To protect these companies, there's a growing demand for cybersecurity experts in metro Atlanta, but not enough supply, according to a recent study by Randstad Technologies of 12 major technology markets.

Kathy Van Pelt, vice president of marketing for Randstad Technologies, said for every seven job listings, there's only one qualified candidate in the Atlanta area.

“Sadly no market in the country has enough talent to meet the demand,” Van Pelt said. “Really in our business, it's all about going after what we consider passive candidates.”

She said the employment rate is so high for these positions that employment staffing firms recruit cybersecurity talent from passive candidates: those who are already employed.

Van Pelt said companies pay a premium for these employees. In its report, the Atlanta area ranks fifth in compensation with a median salary of $129,450 for cybersecurity professionals.

The employment rate is so high for these positions that employment staffing firms recruit cybersecurity talent from passive candidates: those who are already employed.
Credit Courtesy of Randstad

Mustaque Ahamad, a professor of computer science at Georgia Tech, said the presence of large health care, IT and financial transaction companies in the Atlanta area creates demand for workers to protect those companies and their customer’s data.

Nationally, 46 percent of chief information officers said the threat of cyberattacks is a top concern for the upcoming year. That's up from 31 percent in 2015.
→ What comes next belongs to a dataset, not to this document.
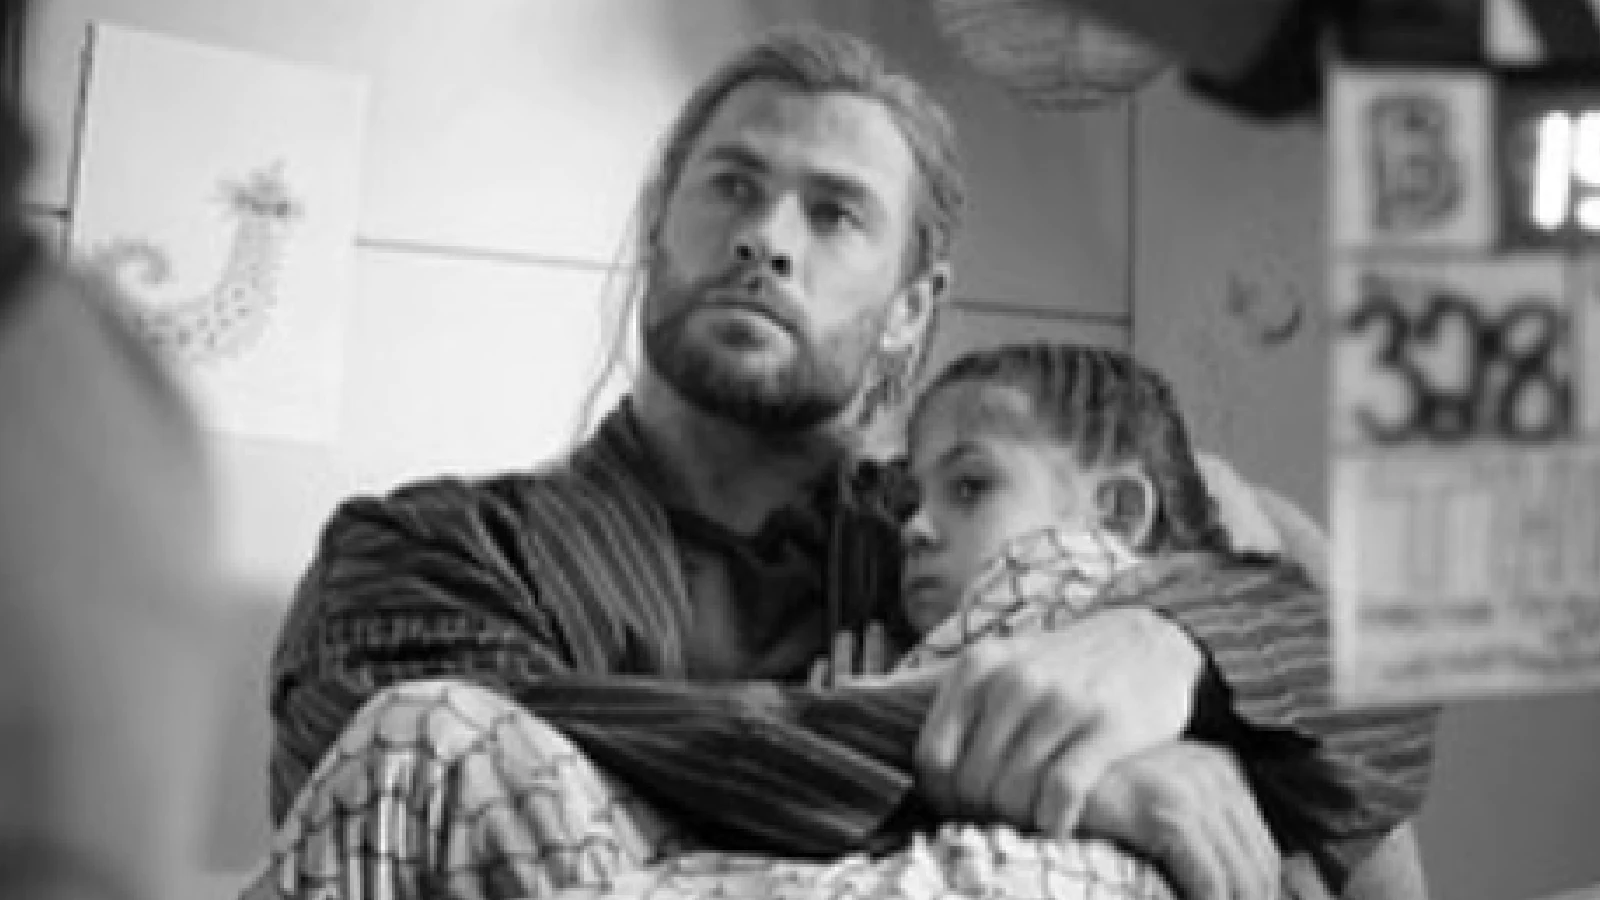 Chris Hemsworth Terms Daughter India Rose His 'Favourite Superhero'; See Adorable Pic From Thor Sets

Ahamad estimates there are now nearly 100 companies in metro Atlanta focusing on cybersecurity and the frequency of data breaches is just one reason companies are aggressively hiring.

"Cybercriminals are trying to take your data and profit from it, so everybody needs to protect themselves,” Ahamad said. “And the other part is IT is everywhere and we're getting connected, which basically allows attackers to reach you from wherever they are."

A 2015 national survey found nearly 80 percent of companies said they experienced a data breach in the last 12 months.

Ahamad is also co-founder of the fraud-detection company Pindrop and former director of the Georgia Tech Information Security Center. He said for the past 15 years, Georgia Tech has been working on new solutions for the cybersecurity industry, even before cyberattacks were taken seriously.

It’s also training students to fill these new positions through undergraduate, graduate and certificate programs.

This summer, the university launched a leadership program targeted at educating company executives and military leaders about cybersecurity threats.